I guess The Cousins are pretty close. And by “The Cousins” I really should say “The Six” since I mean only my cousins on my mom’s side. I had this idle thought – when people ask you to put someone down as your emergency contact, it’s normal for you to put your parents, or your older sibling, or your spouse. When we needed to have two emergency contacts for school, or one emergency contact that wasn’t your parent, I would always put my aunt. On the one hand, it was a logical emergency contact because she was an adult and she lived nearby so if someone was needed to come get me or something, she would be in the vicinity (oddly this applies to both to my eryi – when I was in NorCal- and my da-ayi – when I lived in SoCal).

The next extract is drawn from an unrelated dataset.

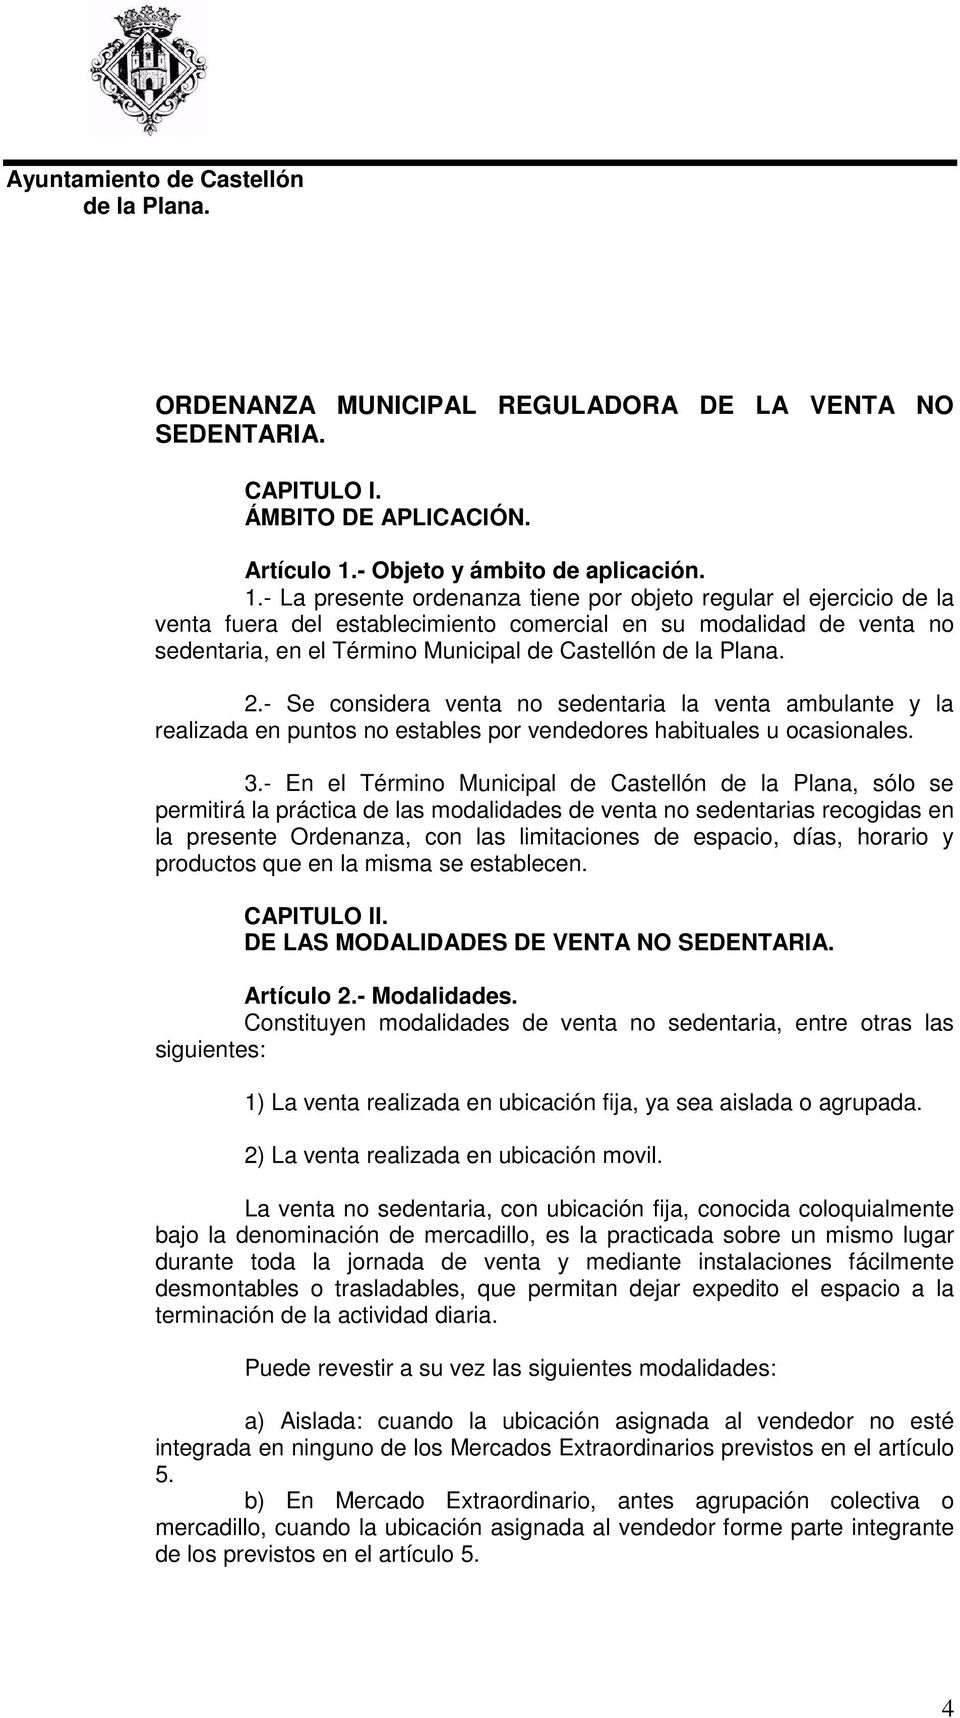 - La presente ordenanza tiene por objeto regular el ejercicio de la venta fuera del establecimiento comercial en su modalidad de venta no sedentaria, en el Término Municipal de Castellón 2.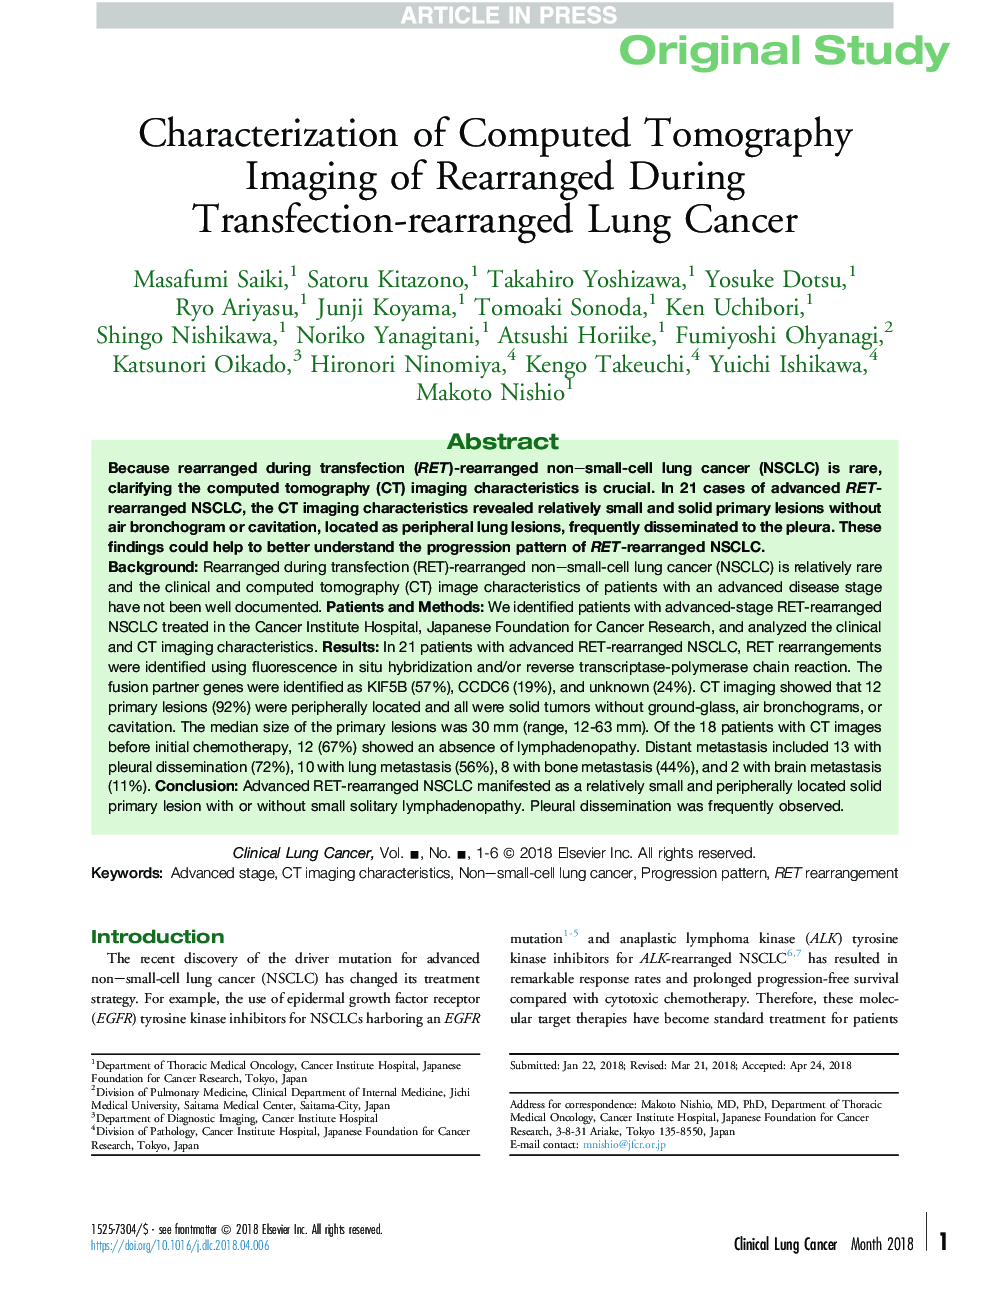 تشخیص تصویربرداری از توموگرافی کامپیوتری در سرطان ریه بازسازی شده ترانسفکشن

Nowadays nobody asks me to list emergency contacts. But I was thinking, if I did need to list someone, first I would put Mike. But if asked to list a second, I would probably list Sara. Again, this is because she lives in the area and could probably come to get me if that were necessary. But I have never heard of someone putting their cousin as their emergency contact. I mean, I’m sure people do it all the time, especially if they’re relatively close to their cousins (like we are), or if their cousin lives in the area.
But for some reason, “cousin” sounds so…distant to me. It sounds even further removed than “friend.” In my imagination, people are more likely to put down a friend as their emergency contact than their cousin. Maybe this is because not many cousins live in the same city? Whereas you make your friends in the city you live in, so they usually live relatively close by. I had this fantasy that I would be dawdling over an emergency contact form, and I would put for “relationship” next to Sara’s name: sister.
But honestly honestly, I don’t think of her as my sister. May is my sister, and it’s a very different relationship than the one I have with Sara. Even when I try to imagine a family like Marilyn’s, with seven siblings, I imagine that her relationship with her siblings is closer than my relationship with my cousins. Maybe you’re not equally close to all of your siblings in such a big family, but maybe still closer than another person’s cousins, even if that person were close with their cousins?
I think of Amara as my niece. But even though Sara refers to me as Amara’s “auntie,” I don’t think she sees me having the same relationship with Amara as Gina has with Amara. And that’s fine with me, and natural. But I don’t think that when I tell other people that I’m going to visit “my niece” that I’m just saying that to simplify matters. (Although when I’m talking to people who know I have a sister, I do usually say “my cousin’s baby” so that they don’t get too shocked.)
This doesn’t have a point. I just had thoughts and wanted to put them down.
I wonder how close normal people are with their cousins. “Normal.” Right.